Just got bored today, so decided to take some pics of Mr. amino. He's one shy guy, but I was lucky enough to get some pics from him. Hope you like :mrgreen:


----------



## Troy McClure (Aug 3, 2005)

Nice pictures. I really like the riccia you have - what kind is it?

btw, it's "Amano".


----------



## nabreaker (Aug 4, 2006)

Thanks for your comment. I don't know what type of riccia I have. I think it just regular riccia fluitan, however to me, it doesn't look like most pictures online. Maybe, it's my water chemistry. If someone could confirm this, greatly appreciated.

Here is some more pics:



















My photography is not that great, since I am new to this hobby and still learning. Any advice and suggestion to improve is awesome.

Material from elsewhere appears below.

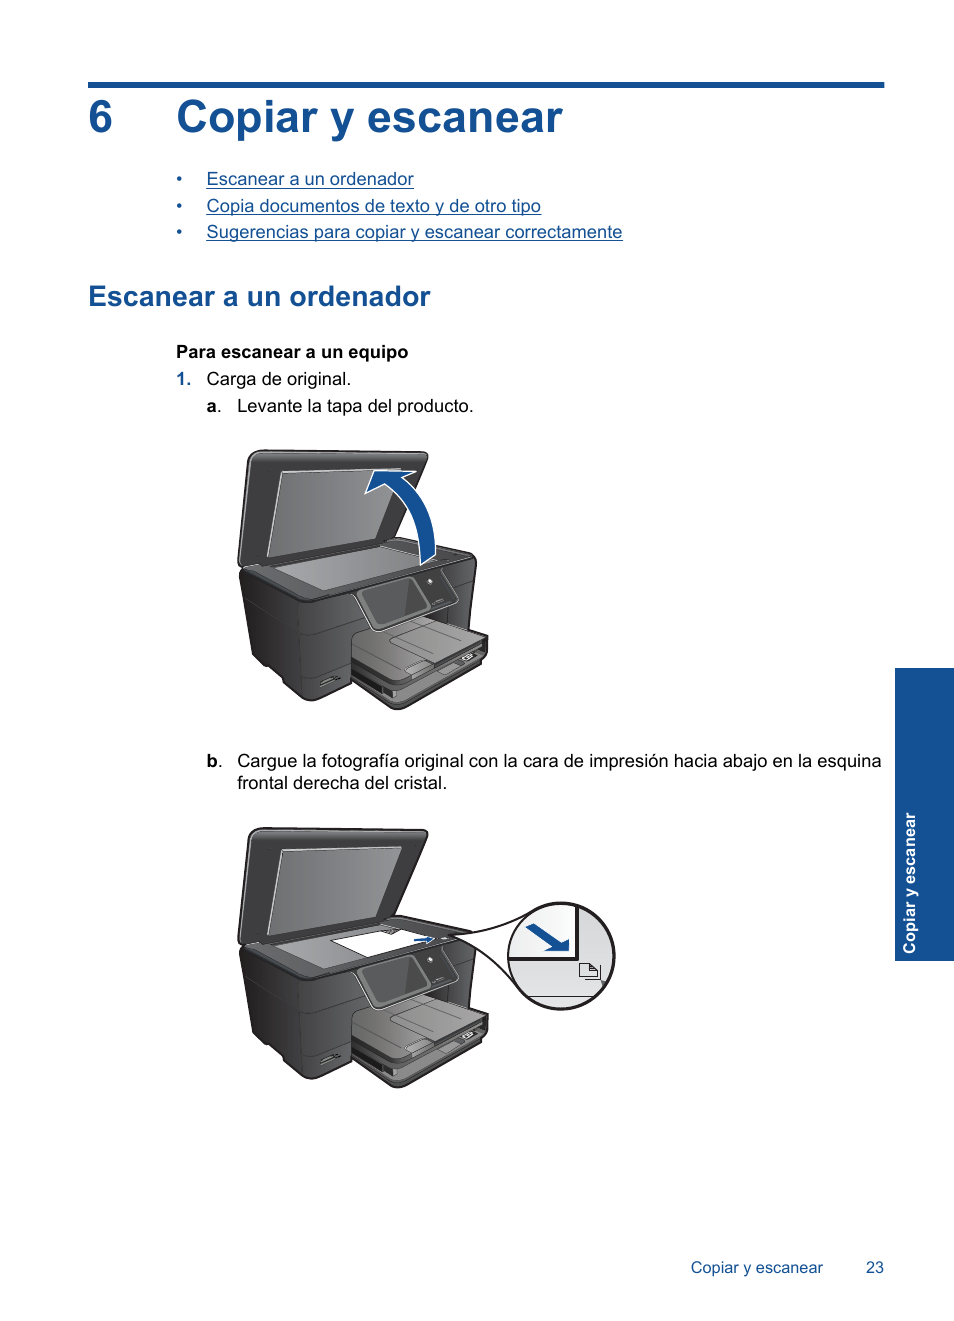 Copiar y escanear, Escanear a un ordenador, 6 copiar y escanear | HP  Impresora e-Todo-en-Uno HP Photosmart Plus - B210a User Manual | Page 25 /  70 | Original mode
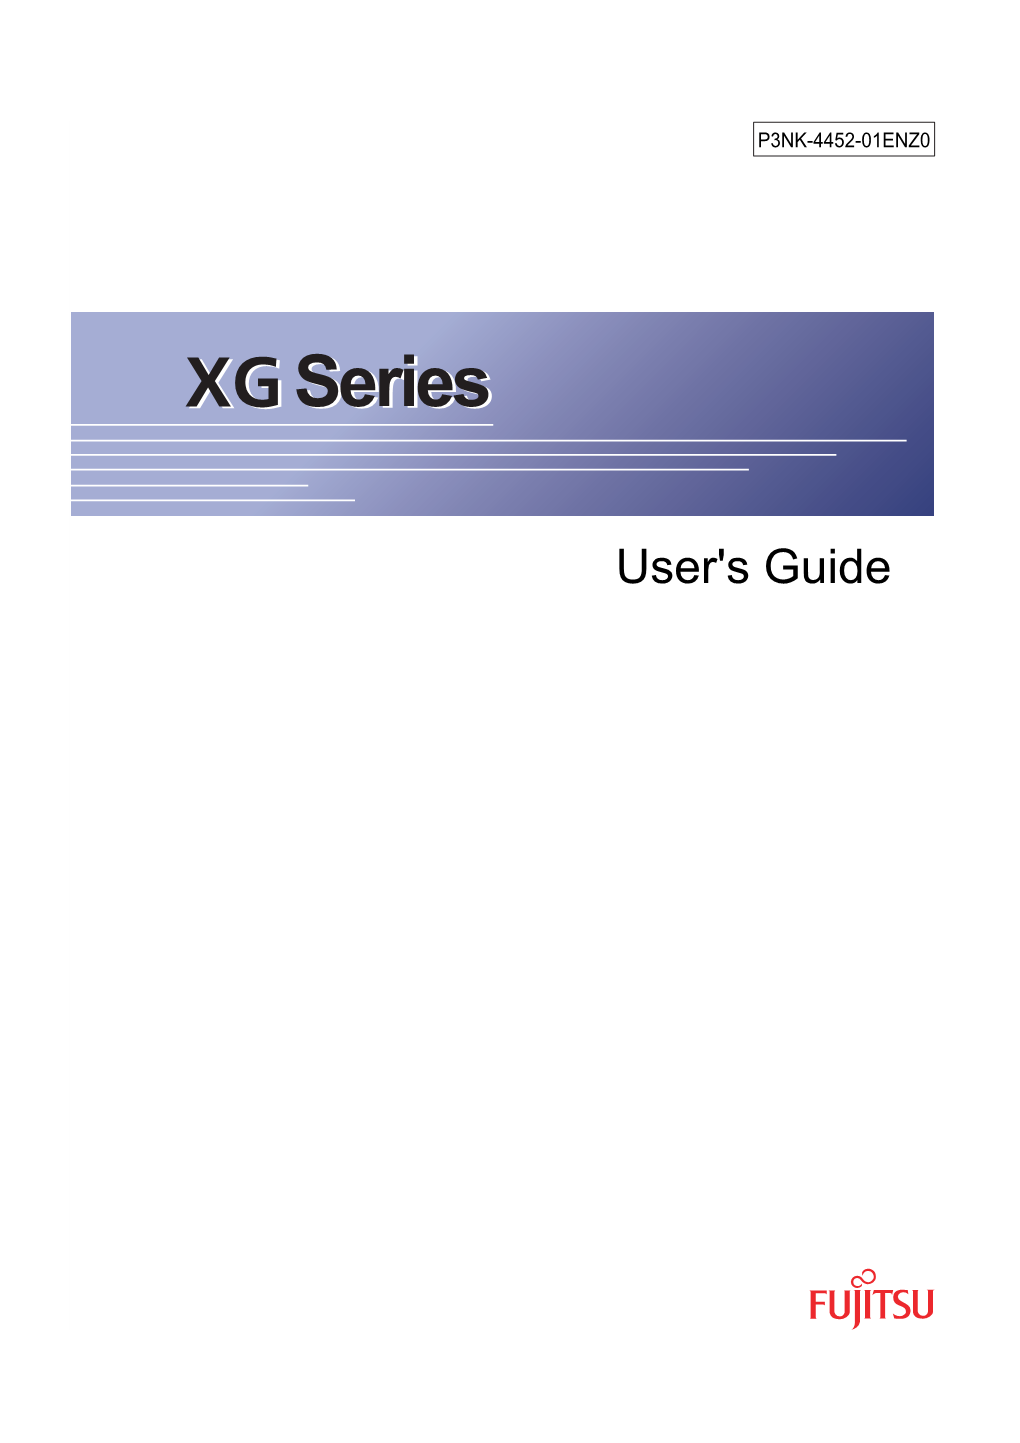 XG Series User's Guide

I have Nikon D70 with Nikkor 50mm AF 1.8D and Sigma 28-75mm lens. No slave flash yet .

Oh... I intentional did not capitalized Mr. amino because I don't want to show disrespect for Mr. Amino.


----------



## Jimbo205 (Feb 2, 2006)

Beautiful photos. 

Any time you want to get rid of a good camera for cheap, let me know. 

I just want to take some pictures of my fish, snails and pearling. 

I am jealous. 

Great job!


----------



## Genin (Jan 28, 2007)

wow amazing photograpy skills!


----------